*** Opening Supplied information ***

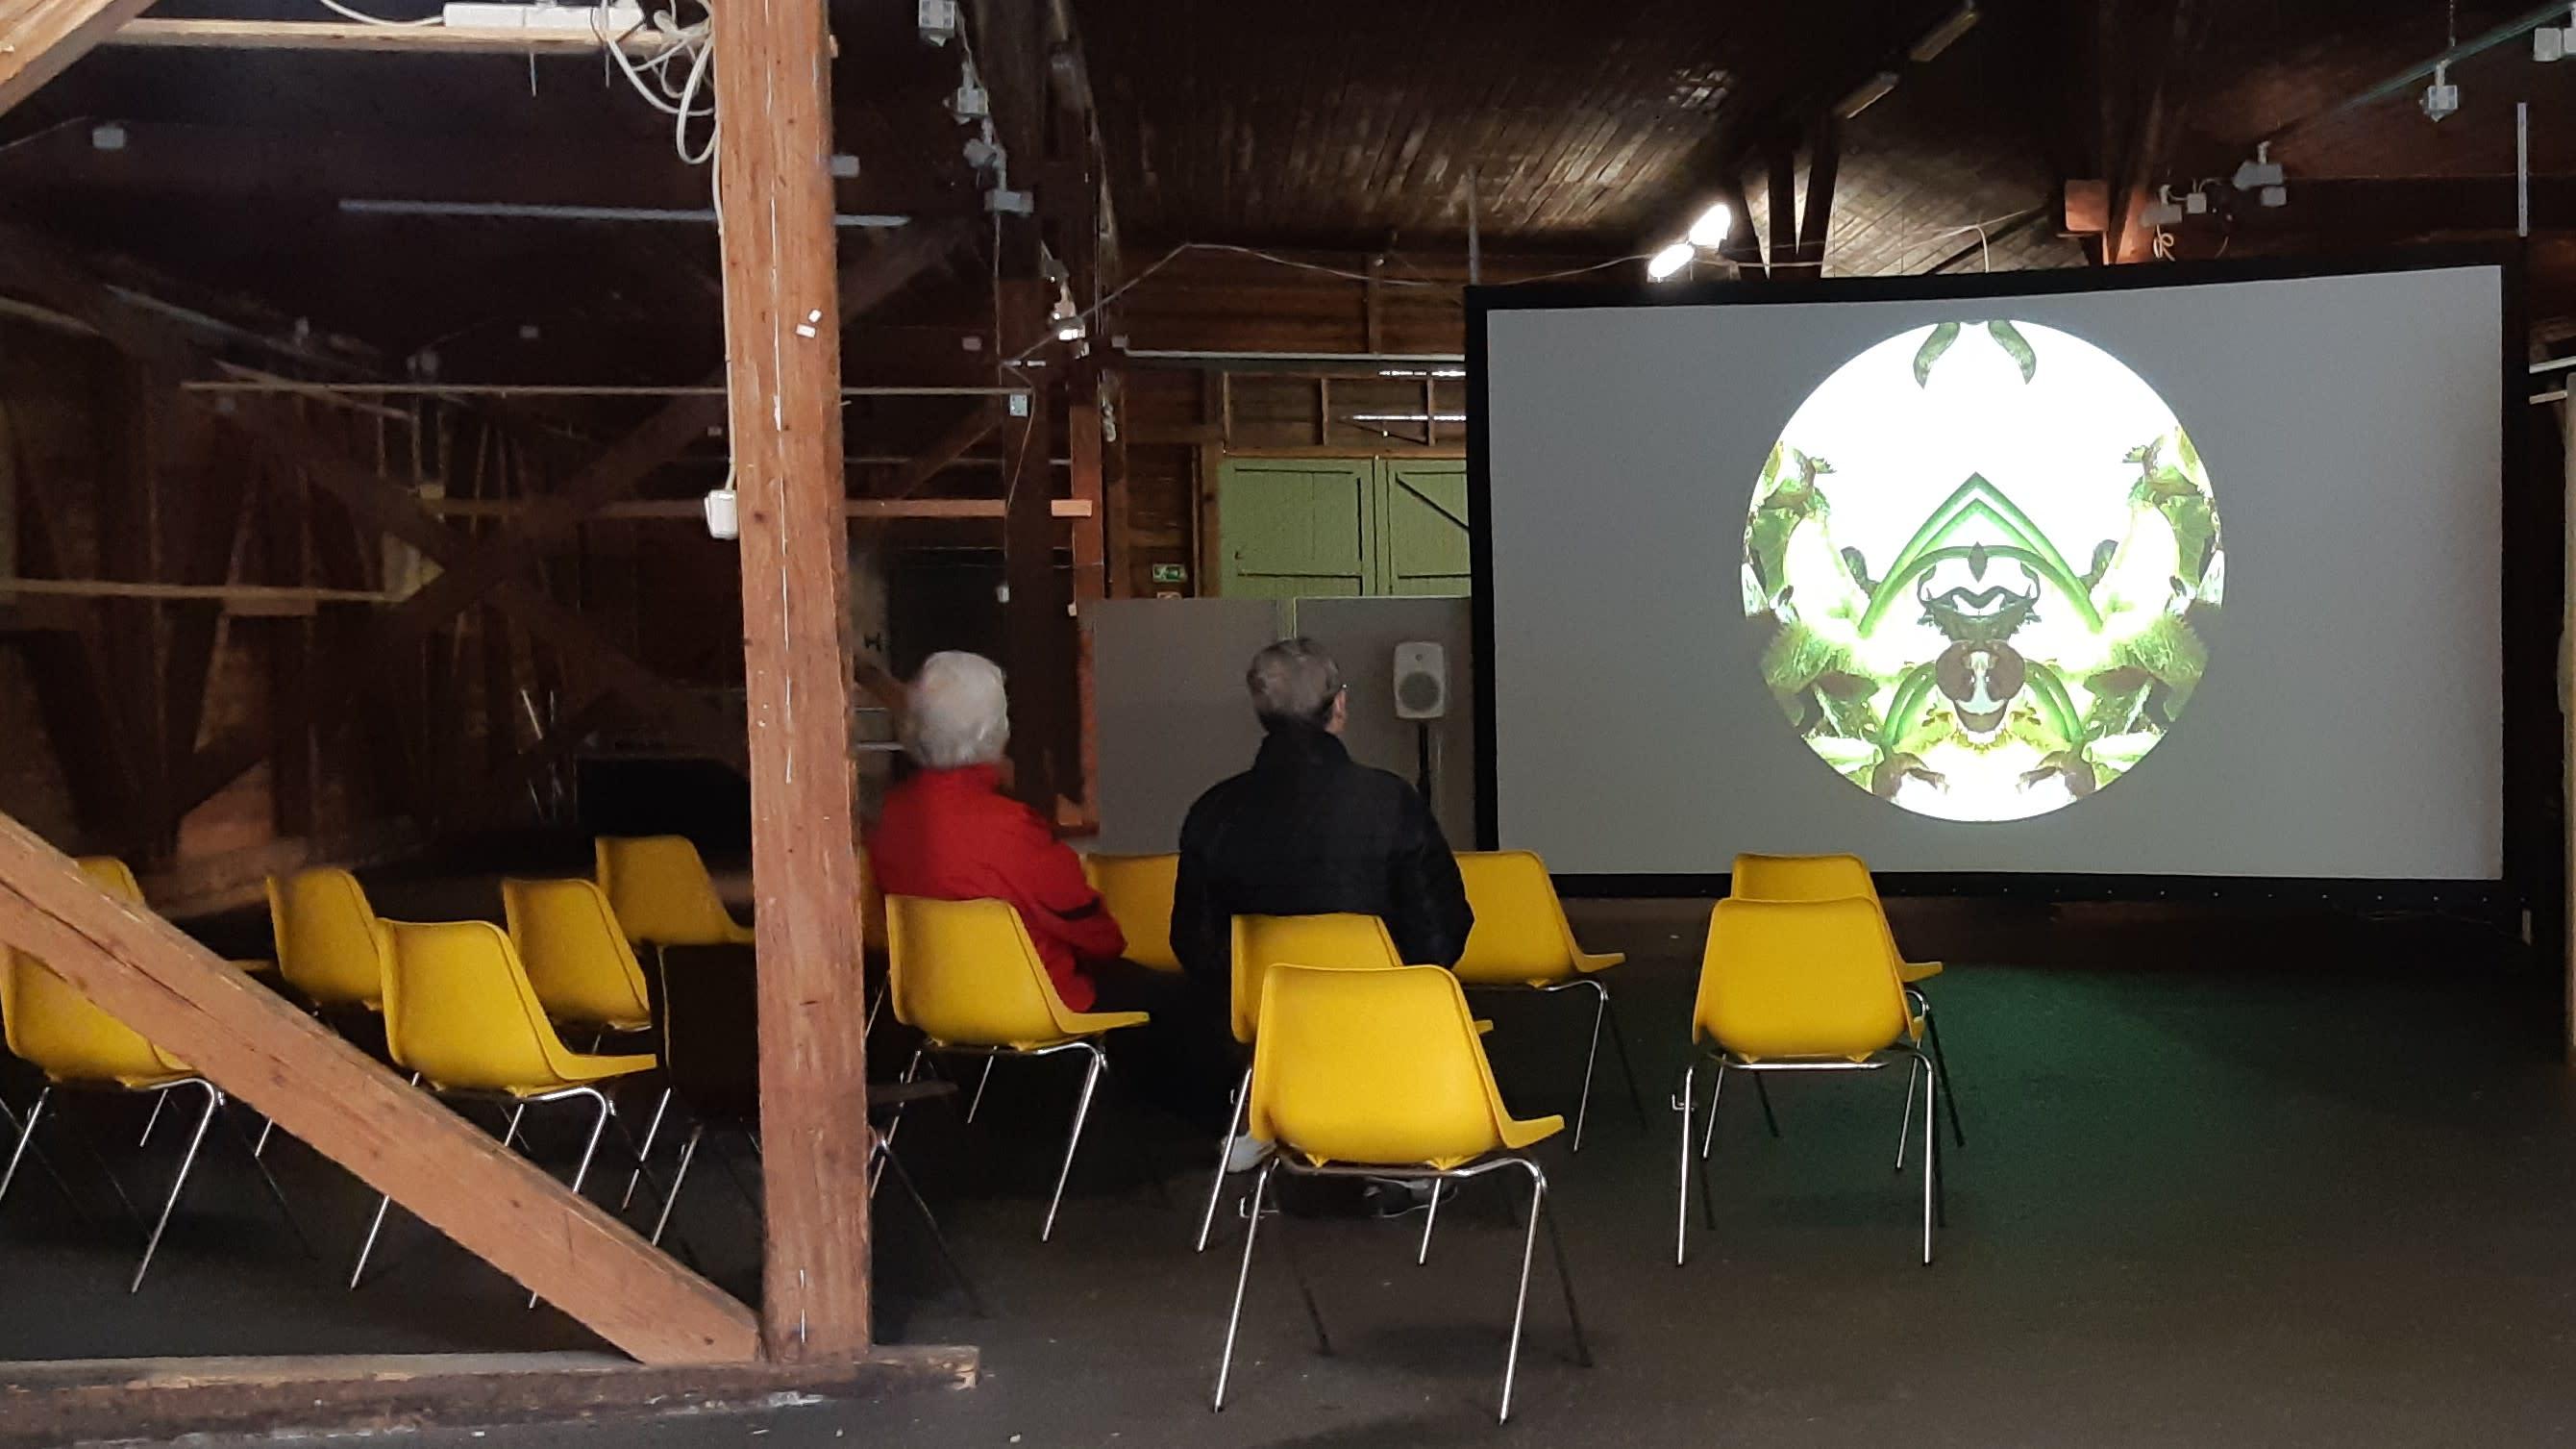 Kaksi henkilöä katsomassa mediataideteosta Lappeenrannan Vihreässä makasiinissa.
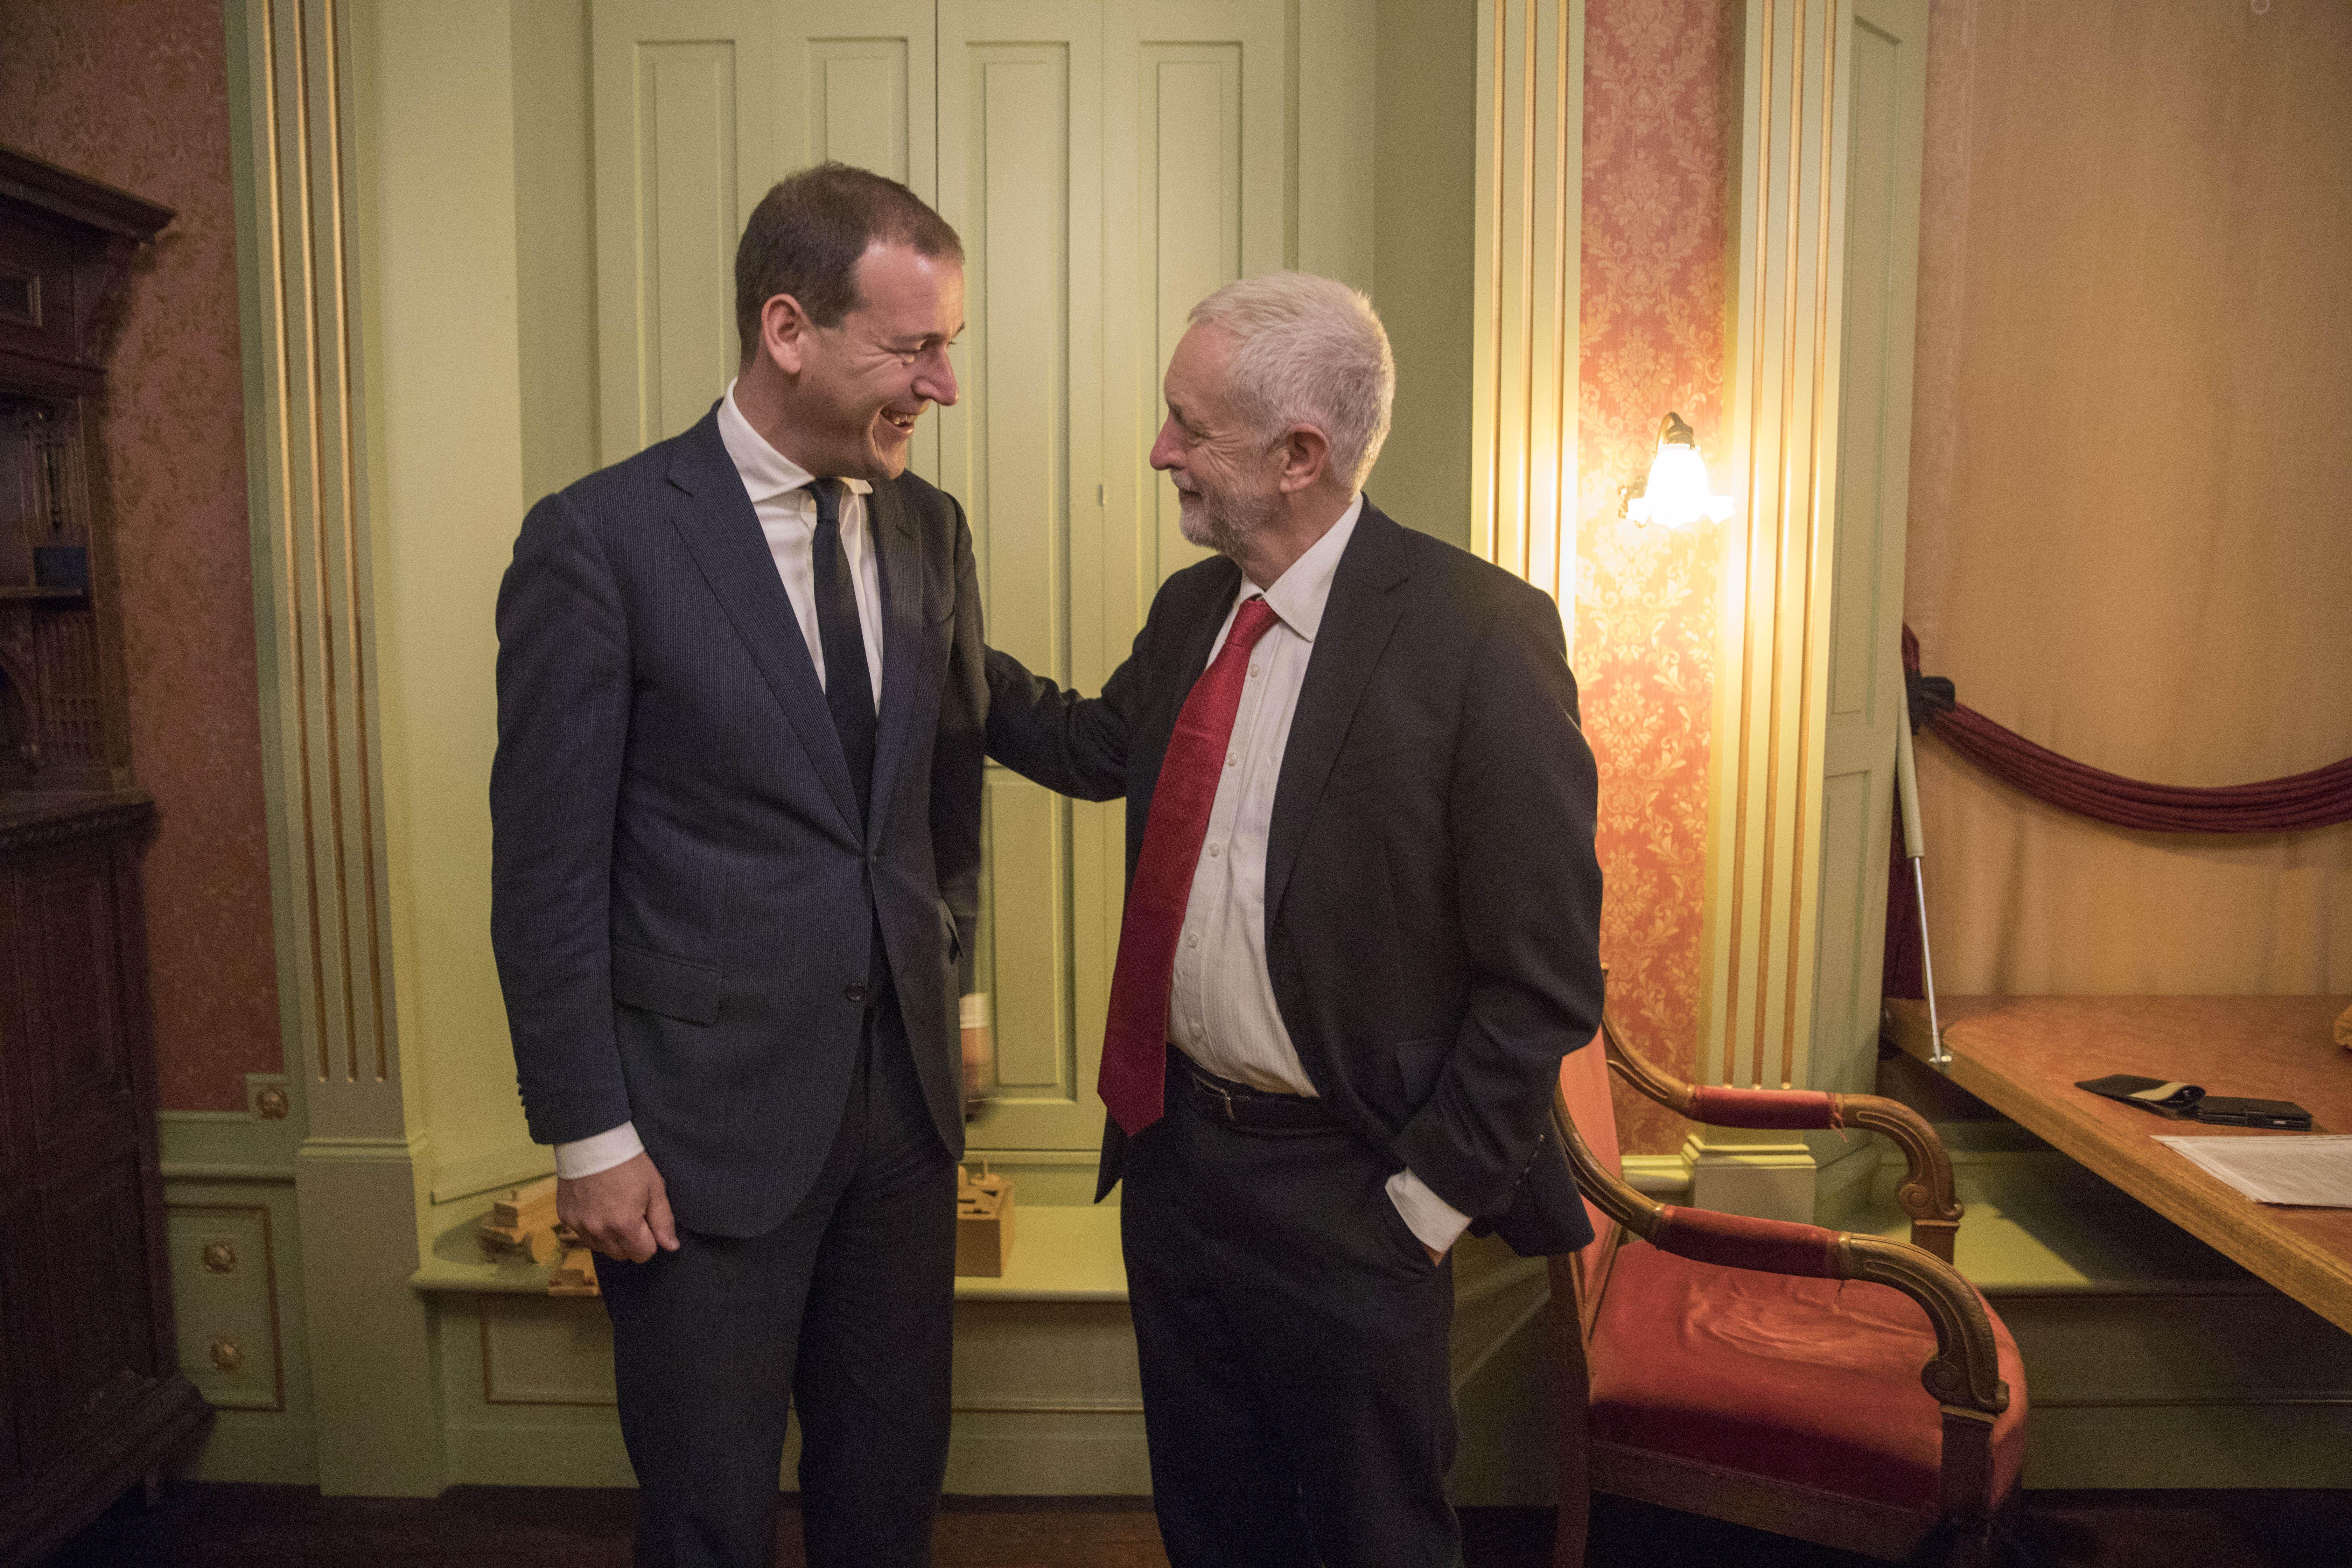 Oproep aan Lodewijk Asscher (PvdA): veroordeel Jeremy Corbyn en zijn antisemitische sentimenten
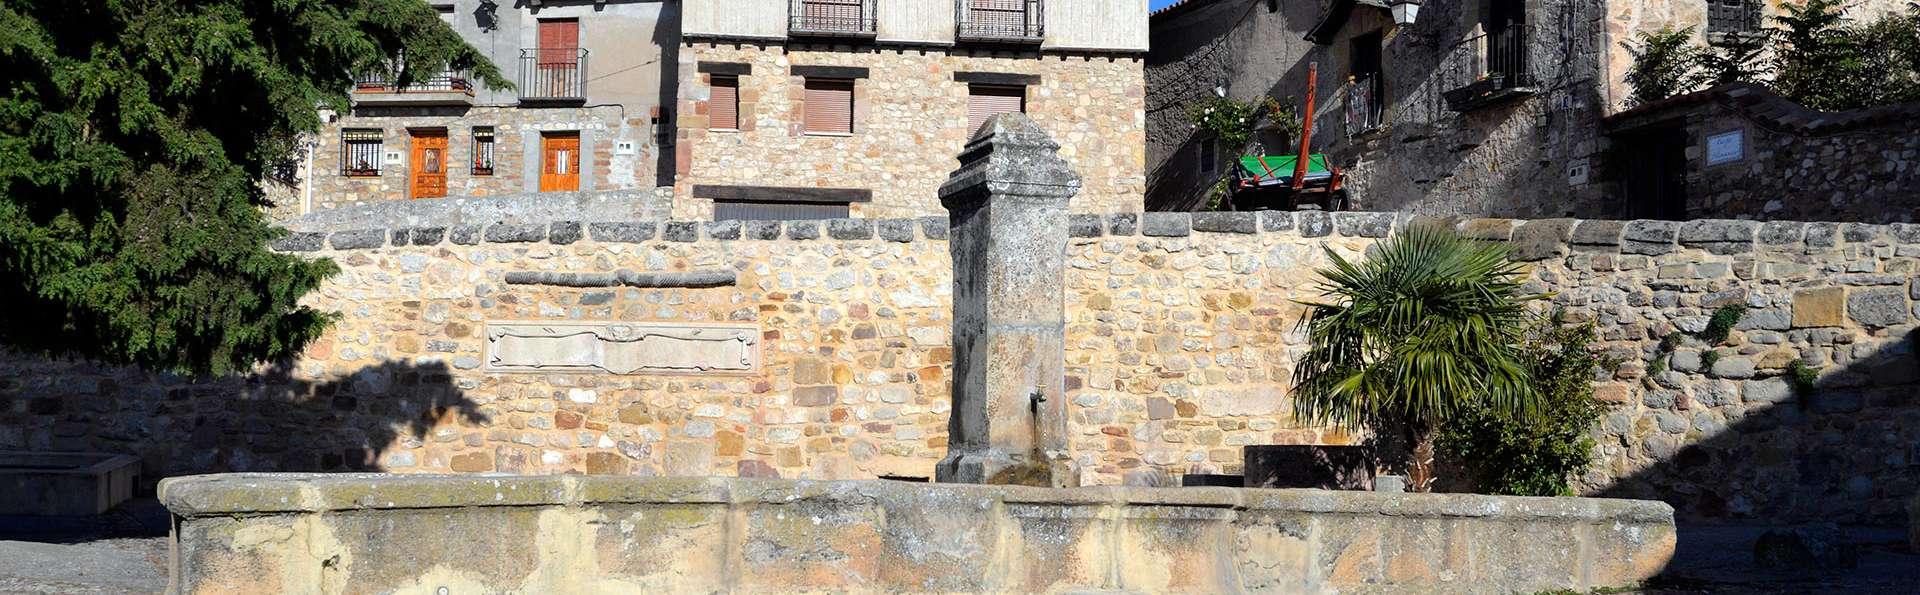 Antiguo Palacio de Atienza - edit_Atienza5.jpg

*** Closing Supplied information ***

**Instructions to follow:** All that is needed here is the run of lines from the one containing "Oproep aan Lodewijk" through the end of the material above, reproduced exactly and without pictures.

**Result of this task:**
 Oproep aan Lodewijk Asscher (PvdA): veroordeel Jeremy Corbyn en zijn antisemitische sentimenten
 Antiguo Palacio de Atienza - edit_Atienza5.jpg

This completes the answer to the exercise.